2. Como cuestión previa, debe señalarse que la calificación está fechada el día 26 de septiembre de 2025, pero la misma no fue notificada al recurrente hasta el día 4 de noviembre de 2025, mediante su retirada física por el presentante.
En este sentido, debe recordarse el contenido del artículo 322 de la Ley Hipotecaria, conforme al cual: «La calificación negativa del documento o de concretas cláusulas del mismo deberá notificarse al presentante y al Notario autorizante del título presentado y, en su caso, a la autoridad judicial o al funcionario que lo haya expedido. Dicha notificación se efectuará de conformidad con lo previsto en los artículos 58 y 59 de la Ley 30/1992 de 26 de noviembre de Régimen Jurídico de las Administraciones Públicas y del Procedimiento Administrativo Común [remisión que debe entenderse realizada a los artículos 40 y 41 de la vigente Ley 39/2015, de 1 de octubre, del Procedimiento Administrativo Común de las Administraciones Públicas]. A tal efecto será válida la notificación por vía telemática si el interesado lo hubiere manifestado así al tiempo de presentación del título y queda constancia fehaciente (...) A tal fin se entenderá que es domicilio hábil a efecto de notificaciones el designado por el presentante al tiempo de la presentación, salvo que el en el título se haya consignado otro a tal efecto. Respecto del Notario autorizante o de la autoridad judicial o funcionario que lo expidió, la notificación se practicará en su despacho, sede o dependencia administrativa».

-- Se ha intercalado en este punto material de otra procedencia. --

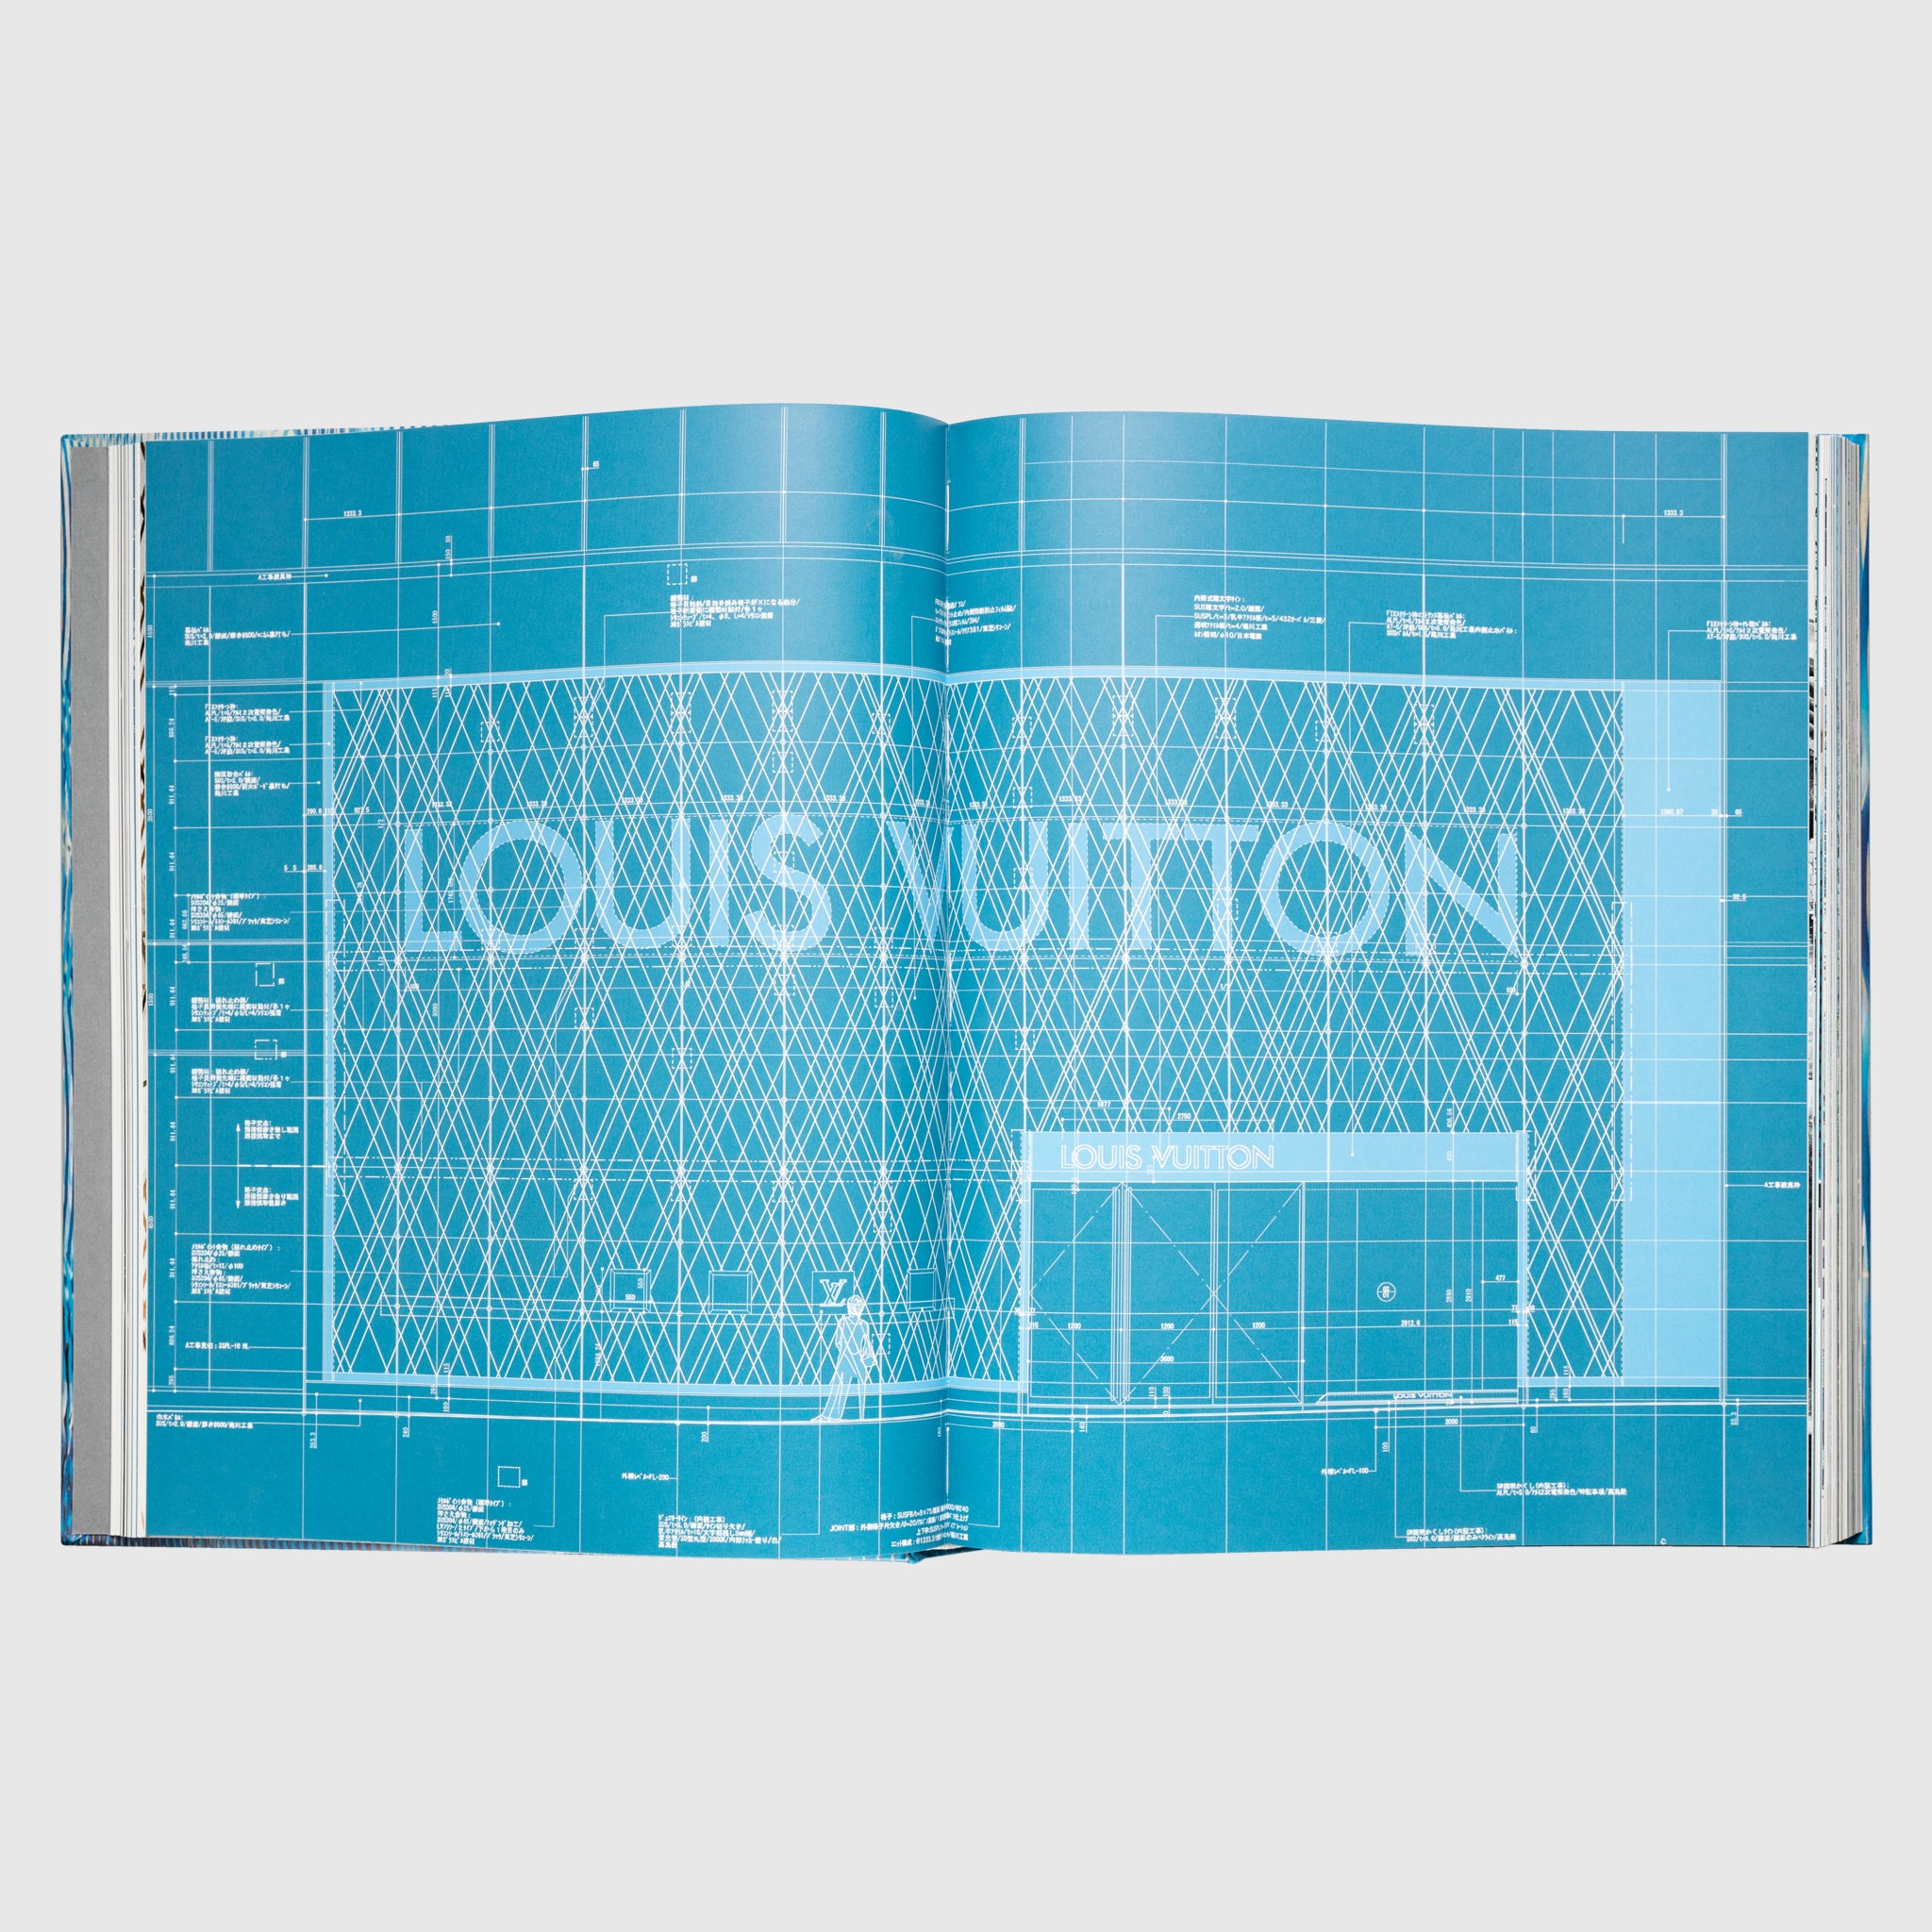 LOUIS VUITTON SKIN: ARCHITECTURE OF LUXURY (TOKYO EDITION)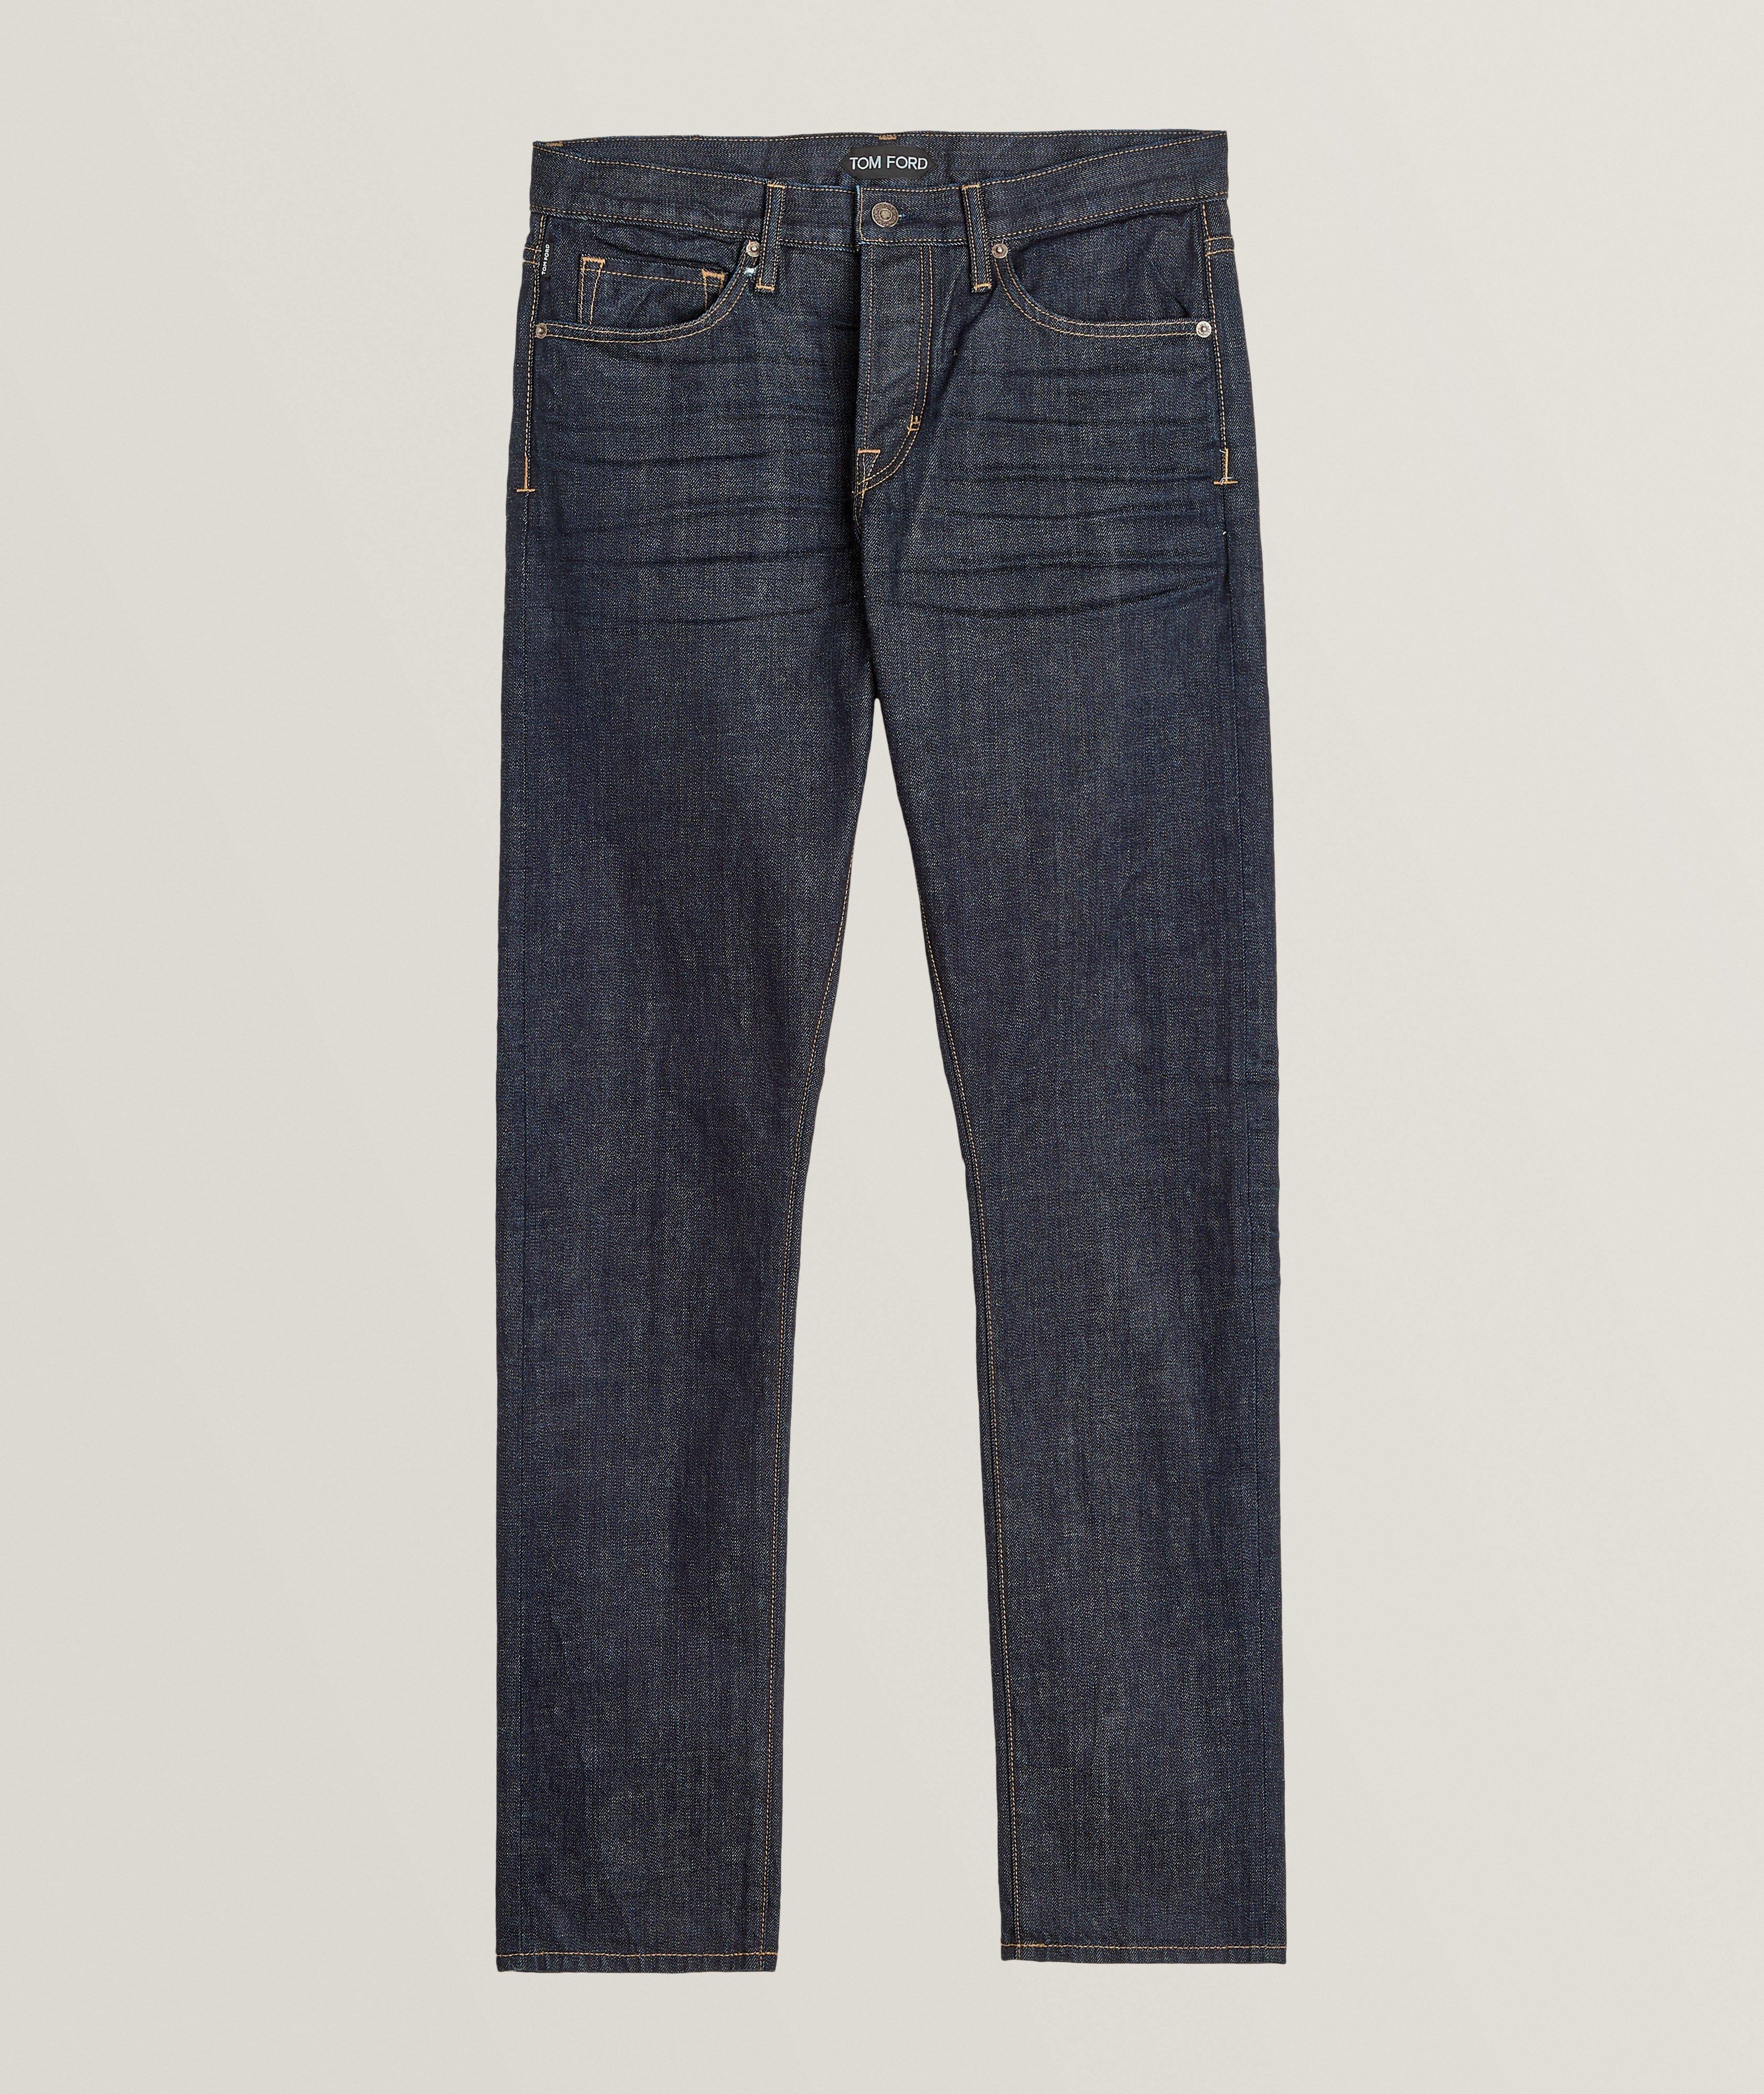 Selvedge Cotton Jeans image 0

El citado artículo 40 de la Ley del Procedimiento Administrativo Común de las Administraciones Públicas prevé un plazo de diez días a parte de la fecha en que el acto haya sido dictado para cursar la notificación, plazo que evidentemente se ha superado, atendidas las circunstancias de hecho concurrentes.
En cualquier caso y, de conformidad con lo dispuesto en el artículo 41 de la citada norma, «las notificaciones serán válidas siempre que permitan tener constancia de su envío o puesta a disposición, de la recepción o acceso por el interesado o su representante, de sus fechas y horas, del contenido íntegro, y de la identidad fidedigna del remitente y destinatario de la misma». De tal manera que, habiéndose incumplido el plazo previsto legalmente para la práctica de la notificación, su recepción por el interesado o su representante determina que la notificación surtirá su efecto a partir de esta última fecha, debiendo entenderse interpuesto el recurso del que conoce esta Resolución dentro del plazo legalmente concedido al efecto.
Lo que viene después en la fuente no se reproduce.